Original language
English
Country
United Kingdom
Date of text
Status
Decided
Type of court
National - higher court
Sources
Court name
High Court
Seat of court
Leeds
Reference number
[2010] EWHC 810 (Ch)
Files
Justice(s)
Behrens.
Abstract
The High Court determined that, in an application for the registration of a new green under section 22(1A) of the Commons Registration Act 1965, as amended by section 98 of the Countryside and Rights of Way Act 2000 (“CROW”) (now replaced by section 15 of the Commons Act 2006), there was no bar to there being users from more than one neighbourhood upon whose use the application for registration was reliant.

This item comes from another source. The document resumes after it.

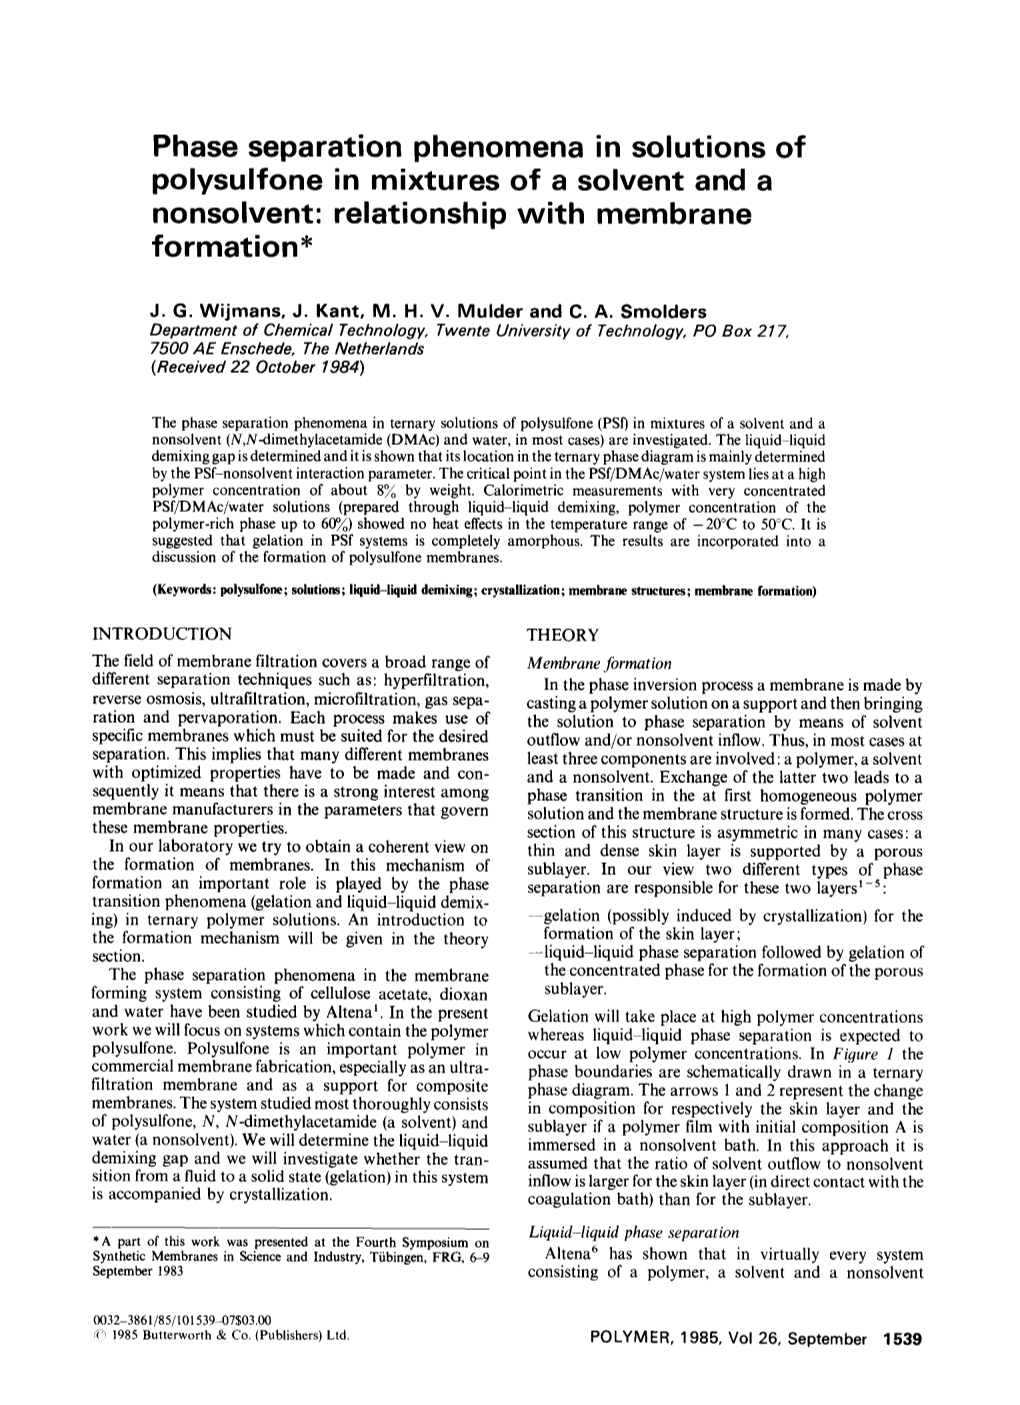 Phase Separation Phenomena in Solutions of Polysulfone in Mixtures of a Solvent and a Nonsolvent: Relationship with Membrane Formation*

Section 22(1A) provided that “land falls within this subsection if it is land on which for not less than twenty years a significant number of the inhabitants of any locality or of any neighbourhood within a locality have indulged in lawful sports and pastimes as of right…”.
Section 15 of the Commons Act provides that “any person may apply to the Commons Registration Authority to register land as a town or village green where a significant number of the inhabitants of any locality, or of any neighbourhood within a locality, have indulged as of right in lawful sports and pastimes on the land for a period of at least 20 years…”. The reference to “any neighbourhood within a locality” was first introduced by the amendment under s98 of CROW, the earlier statutory provision referring only to a locality. It is generally accepted that the purpose for this amendment was to make it easier for applicants to meet the statutory test. This amendment was regarded as particularly helpful to those seeking registration of land in an urban (rather than rural) context where the identification of a “locality” could sometimes be difficult, if not impossible.
Whilst the Judge concluded that the Inspector had erred in his finding that there was a single neighbourhood, the Judge held that the land could, nevertheless, be registered on the basis that the users came from two identifiable neighbourhoods. This inevitably gave rise to a discussion of whether the statutory test could be met where more than one neighbourhood is relied upon in such an application. The Judge said “the Act now only requires a ‘significant number of the inhabitants of ‘any neighbourhood within a locality to have indulged in the activities. There is nothing in the wording limiting the neighbourhood to ‘one neighbourhood and there is no logical reason why there cannot be two or more neighbourhoods”.